今日は俺は、ようやく出来た自分の時間を無駄にしないために、自分の写真を撮る。


それだけだ。


 部室に入り、三脚を持ち出す。


まずはお気に入りの、山から見下ろす街の風景を撮ろう。


通学路の坂道にかかる、森の木々もいいかも。


そこに虫か鳥でもいれば最高だ。


そうだ、池にも行こう。


あそこには大概アメンボがいるから、本当に助かる。


いつも来る猫は、今日もフェンスを抜けて来るかな……。


 校庭に出る。


体育館に背を向け、それは視界に入らないようにする。


扉は全て開放されているのに、なんの声も音も聞こえてこない。


そういえば、本番当日の動きはどうなっているのかな。


三脚を片手に、被写体を探してあちこちを歩き回る。


まぁいっか。


俺には関係なかった。


そういえば、いつもどこで何を撮ってたんだっけ。


 空には厚い雲がかかり、日差しはないが空の撮影は難しい。


撮っても灰色の画面にしかならないだろう。


虫たちはすっかり隠れてしまって、どこにも見つからない。


こんな天気の日は、影が出ないから、そのぶん人物撮影には最適なんだけど……。


原生林との境界線に張られているフェンスが、ここだけ植物の勢いに押されて、すっかり覆われてしまっている。


その目の前の藪が、ごそりと動いた。


次の瞬間、パッと小さな女の子が飛び出してくる。


濃紺の制服と真っ白な肌に、吸い込まれそうなほど黒く真っ直ぐな髪が、肩先で揺れている。


少女は俺を見上げた。


目が合う。


そのまま駆け出そうとする彼女を、俺は呼び止めた。


「ま、待て。

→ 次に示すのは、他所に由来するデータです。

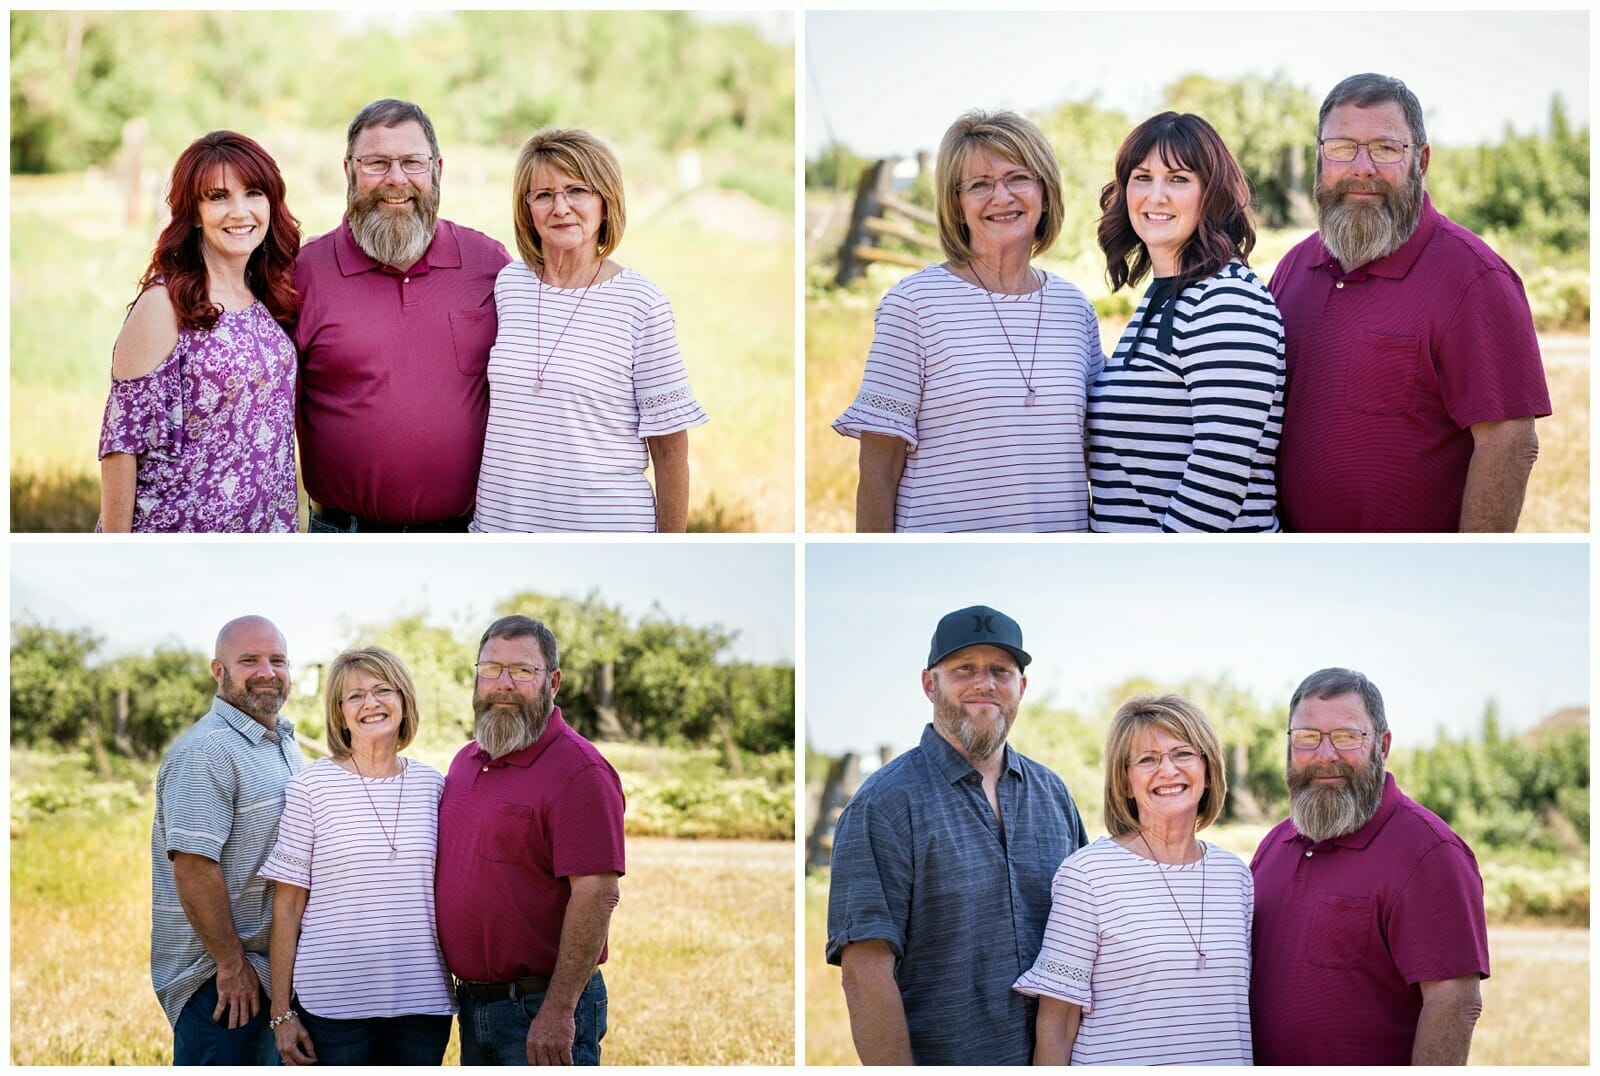 Chrissy Ray Photography - Family Session, Eagle, ID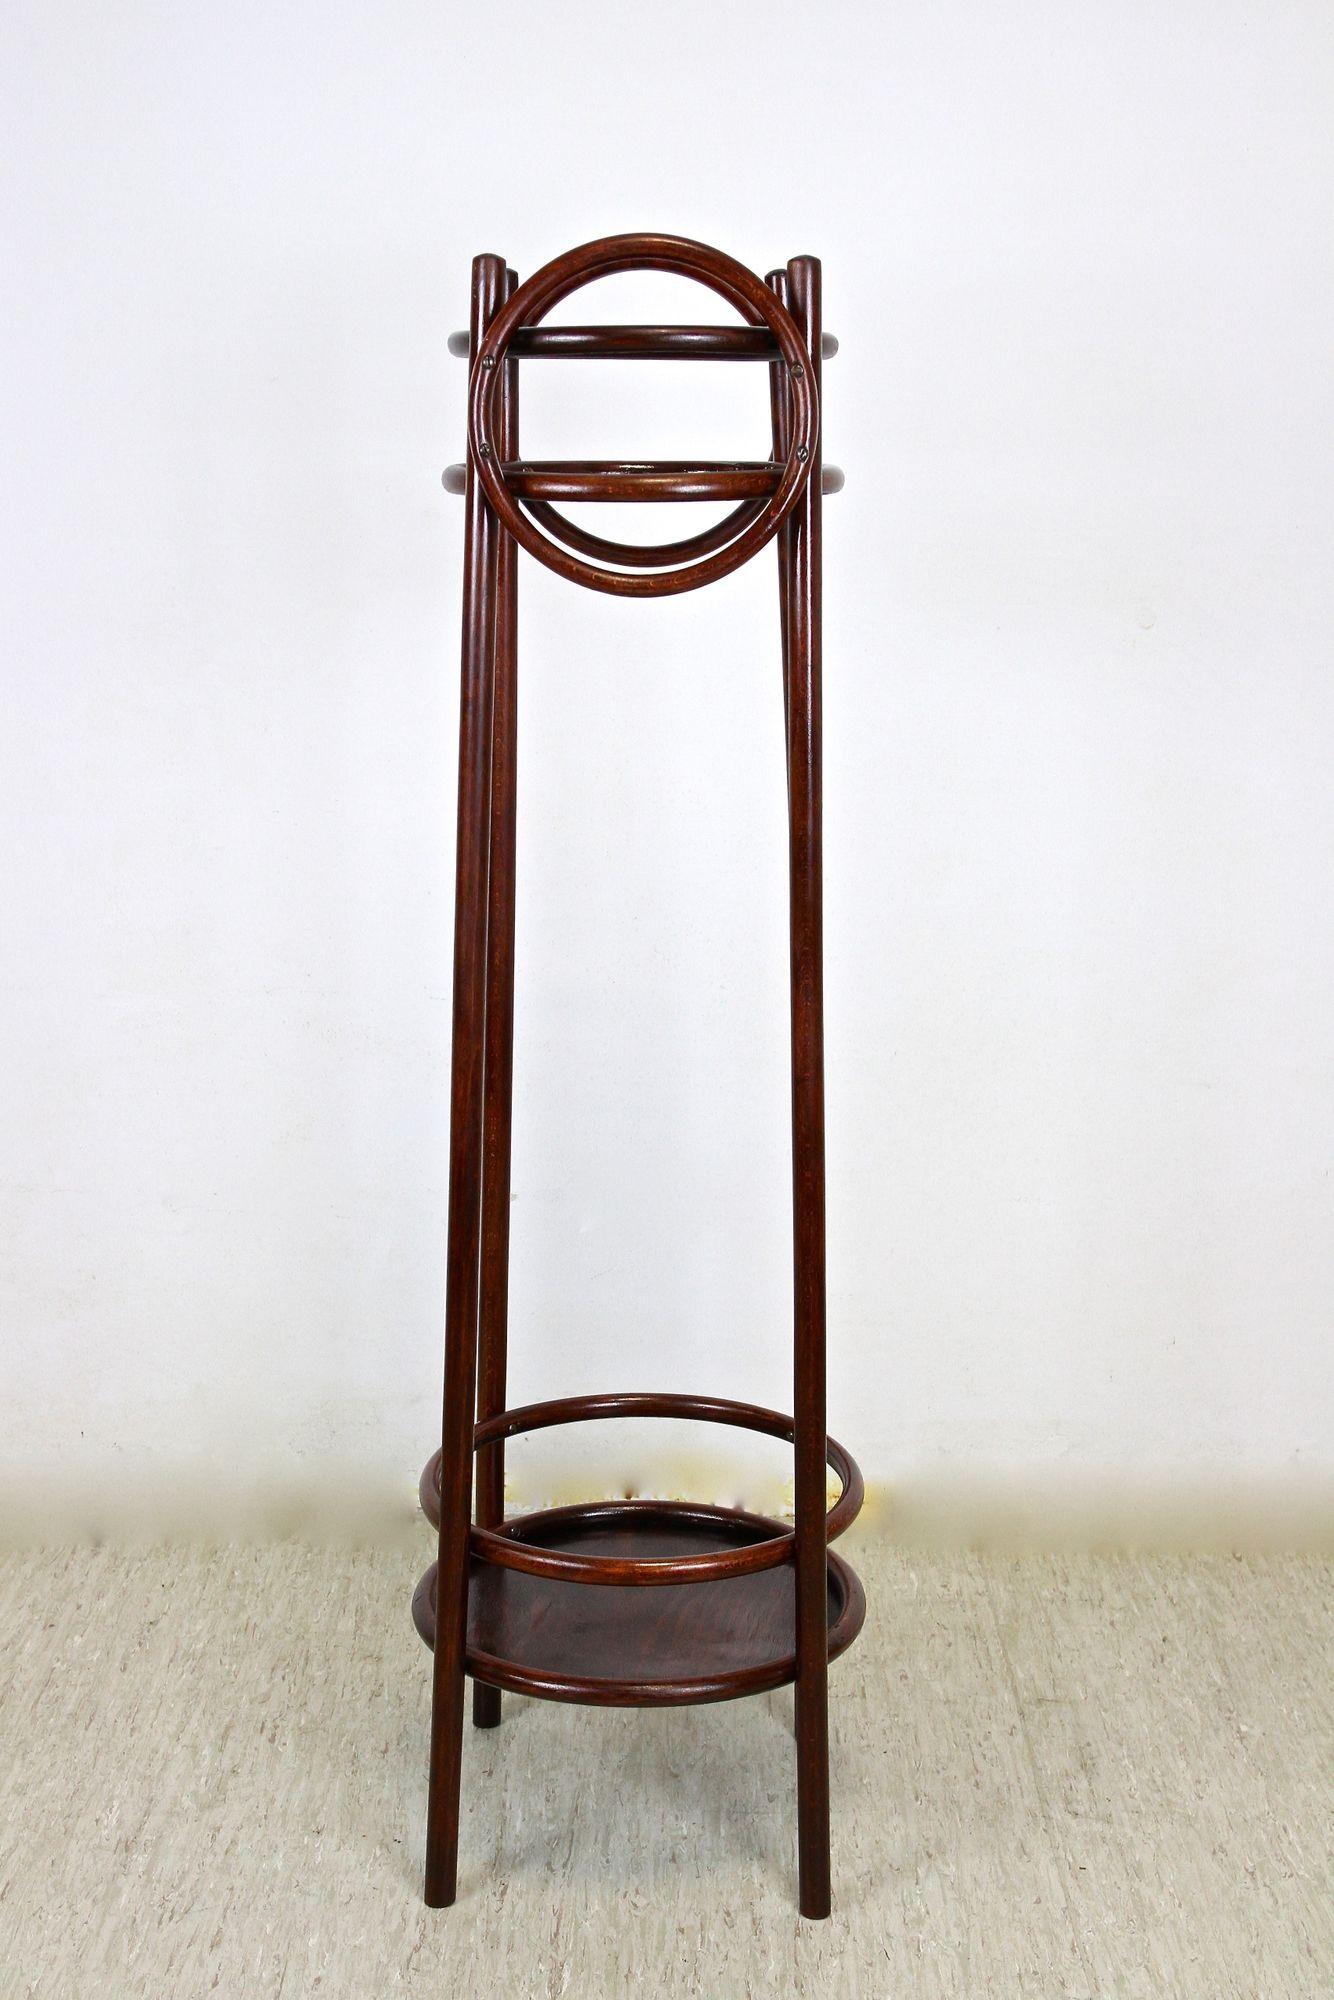 Polished Thonet Bentwood Pedestal/ Plant Stand, Austria circa 1905 For Sale

お前、あのチビ龍か」


 首を左右に振る。


「え? 違うの?」


 どう見たってあの時、荒木さんと一緒にいた女の子だ。


彼女の足が動く。


「ハク! ハクちゃん?」


 そう呼ぶと、ようやく彼女はうなずいた。


「あ、あっそ。……チビじゃなくて、ハクなのね」


 怒っているのか不満なのか、よく分からない目でじっと見てくる。


やっぱ面倒臭い。


「どっから出てきたんだよ」


 指さした藪をかき分ける。


鋼の芯が入っているはずのフェンスが、わずかに突き破られていた。


「もしかして、お前がやったの?」


 それに返事はない。


黙ったままじっと立っているその姿は、小生意気なチビ龍そのものだ。


「こんなところで何をしている」


 振り返った。


いまが一番忙しいはずの荒木さんが立っている。


その荒木さんが手を伸ばすと、ハクはとことことかけより、その手をぎゅっと握りしめた。